In my last entry (which you are welcome to read here), I focused on past lives and memory, ending on the idea that an experience doesn’t need to necessarily be real in order to be therapeutic. Which is to say, it’s possible to derive value from a past life regression, without needing the past life experience to be true. And indeed, as I argued in that post, past life regressions are not real experiences, they are exercises in imagination. And that act of imagining can be just as unreal, yet just as beneficial, as any number of other suggestions hypnotherapists give. After all we frequently invite people to imagine themselves floating through space, or drifting through time, and all sorts of other things that have never, and will never occur.
And as far as it goes, that’s fine. But the practice of past life regression still makes me somewhat uneasy. All too often it seems to be a borderline (or even overtly) spiritual practice. Again, it’s fine to be spiritual and have spiritual practices; but not if you bemoan that the medical field doesn’t take hypnotherapy seriously at the same time as insisting that your client really was (for example) a 14th century Amazonian warrior woman in a past life.
Hypnotherapy is in a strange place at the moment. On the one hand the credible research as to its benefits is overwhelming, and a major hospital in Melbourne is currently advertising for a hypnotherapist specialising in irritable bowel syndrome. On the other hand, the NDIS has recently removed hypnotherapy from their available treatment options because it has been deemed ‘not evidence-based’. While I disagree with that decision, it’s difficult to argue the point well when the profession is full to bursting with people incorporating all sorts of non-evidence based treatments into their practice.
At this point I’ll divert a little to talk about using hypnosis for entertainment. A lot of practitioners (particularly those utilising hypnosis within the mainstream medical system) are very opposed to the use of hypnosis for entertainment and want to see such acts abolished. They cite various safety concerns, but also the concern that using hypnosis for entertainment diminishes the public perception of hypnotherapy as a viable and evidence-based treatment.

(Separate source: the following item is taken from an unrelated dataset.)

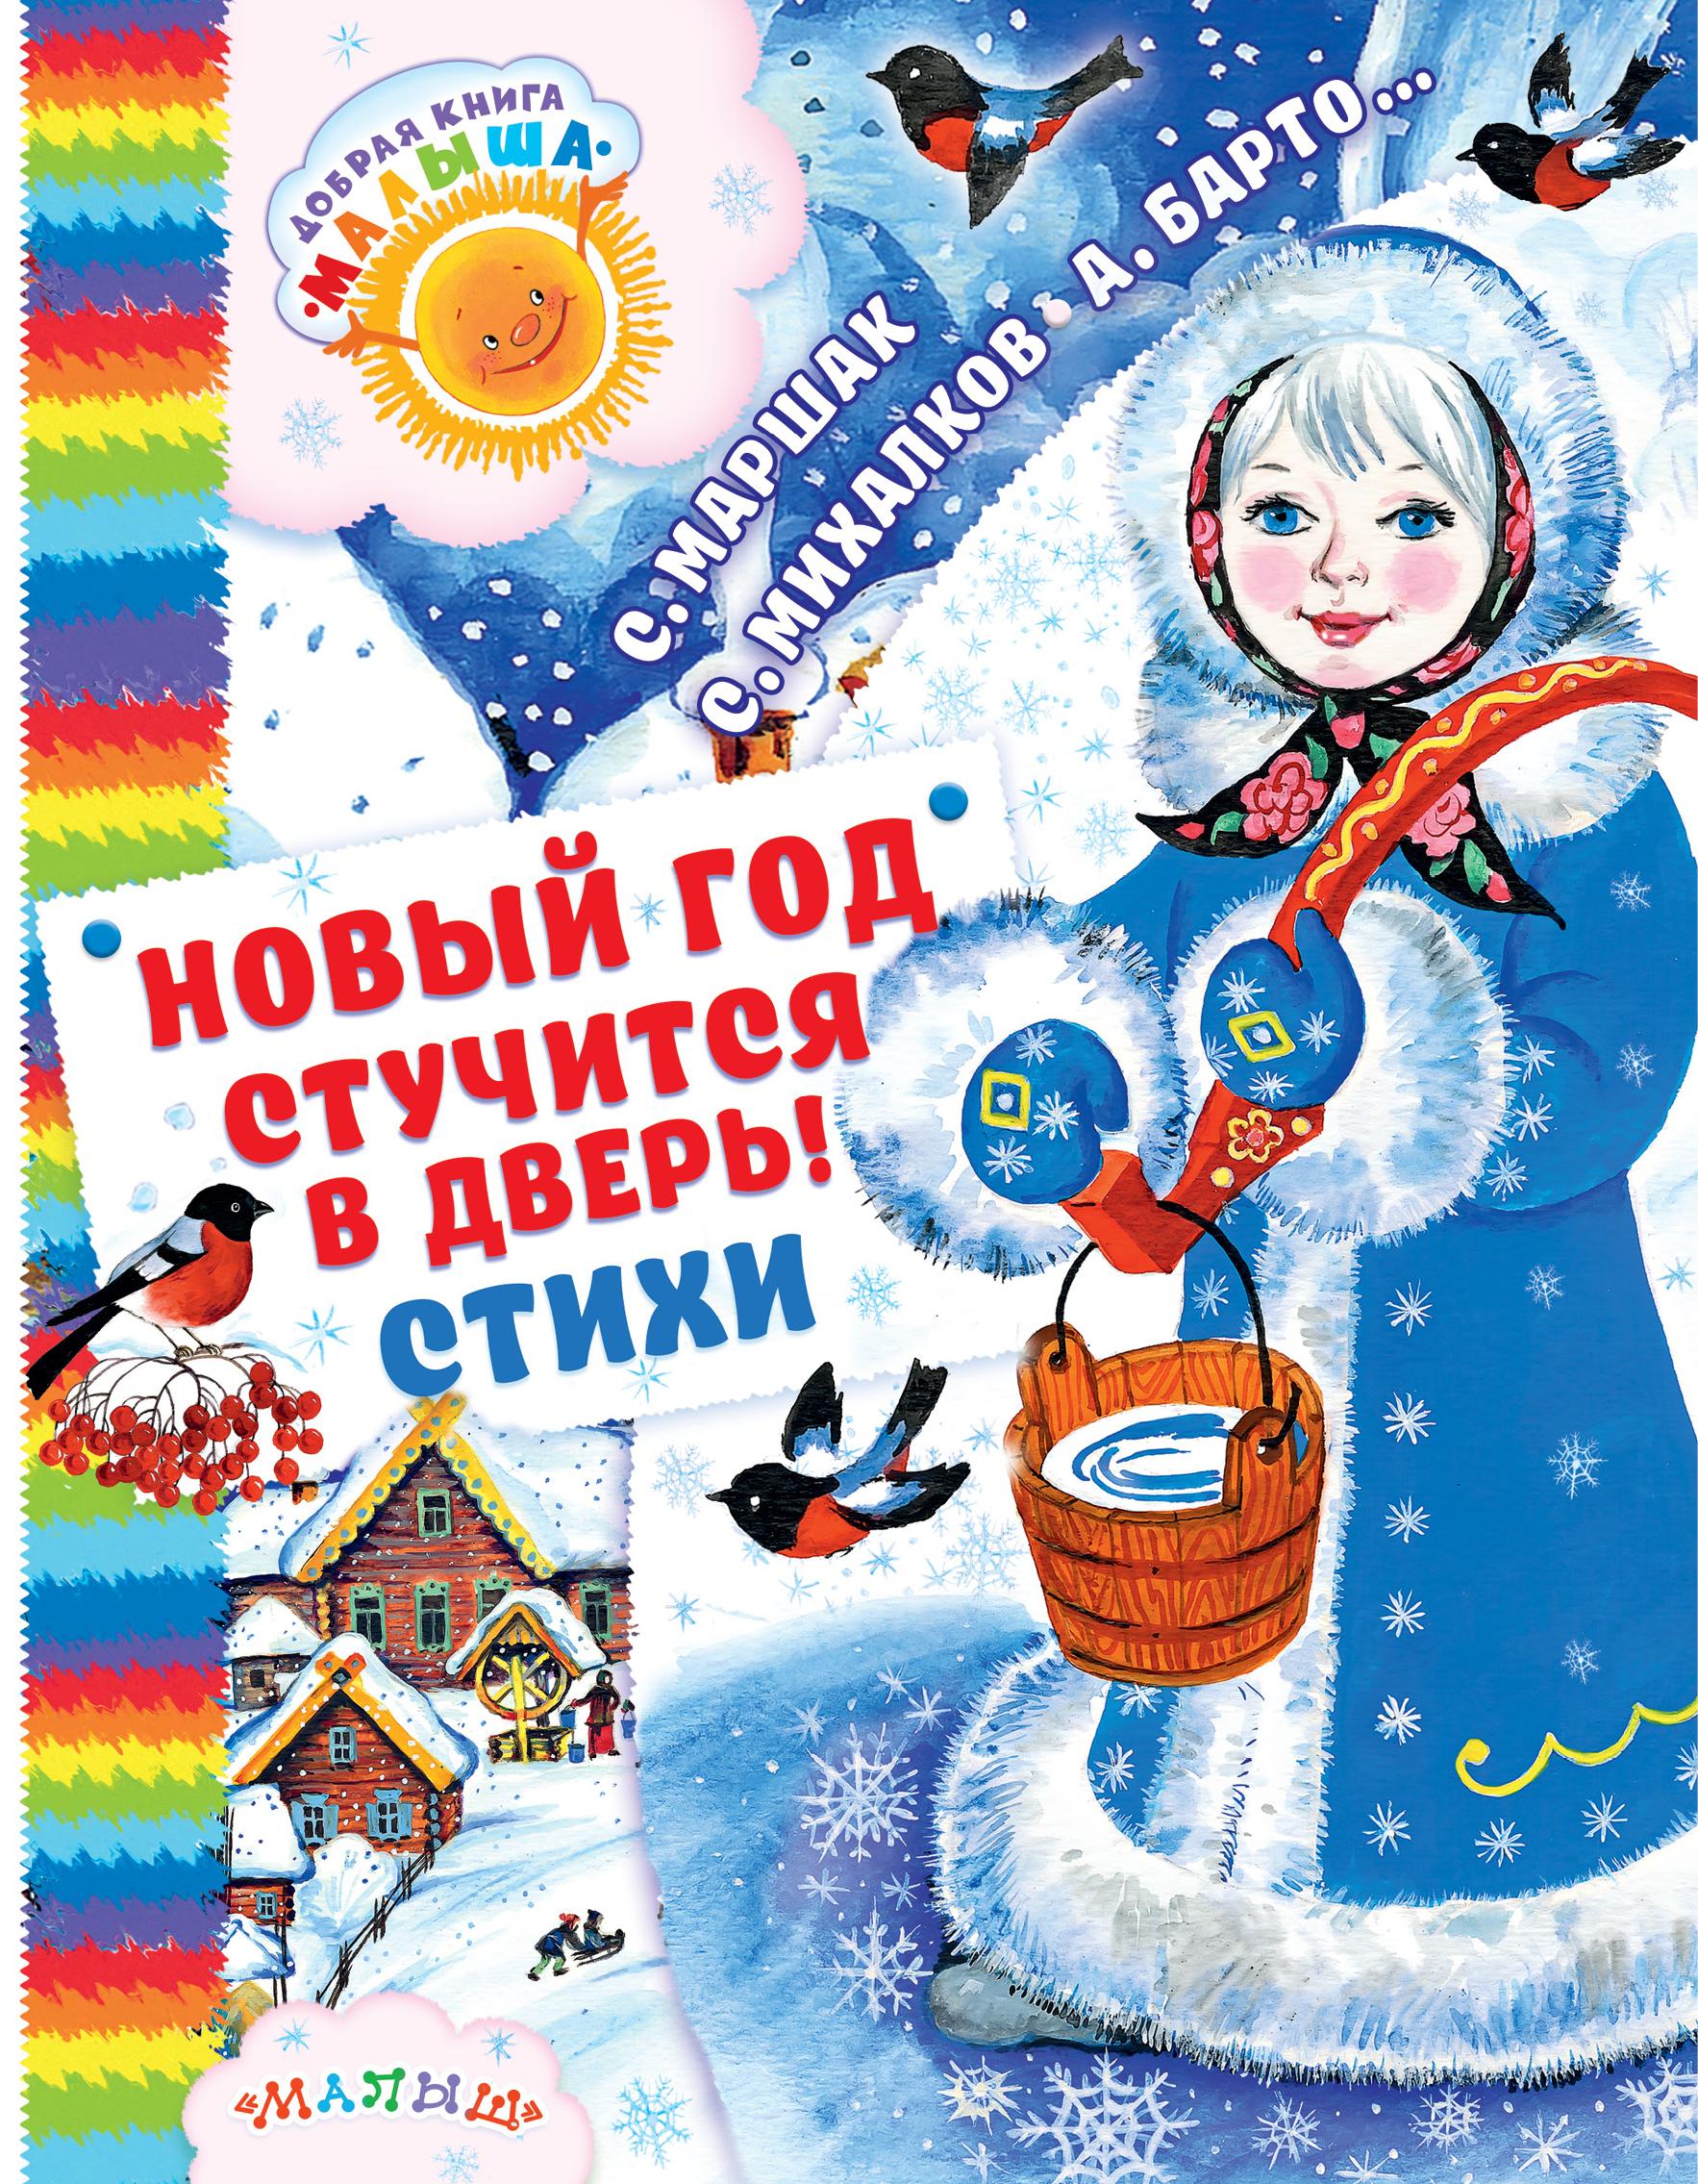 С. Маршак, С. Михалков, А. Барто и другие Новый год стучится в дверь! Стихи маршак с михалков с барто а стихи детских поэтов

The safety concerns are perhaps valid, although a competent performer should always screen their participants beforehand, and know how to manage any abreactions should they occur. But I cannot agree to the second concern. If anything, I’ve seen people come away from stage shows with a heightened interest in, and respect for, the art of hypnosis.
I suppose it’s not surprising that I take this view, given that I regularly incorporate hypnosis into my magic. Although I operate differently to most traditional stage hypnosis acts (which I’ll dive into another time), it is still something I utilise, and there would be plenty of professionals who frown upon that. But from where I stand, I think hypnosis would gain more respect if it worried less about the entertainers, and more about the dubious practices of even more dubious therapists.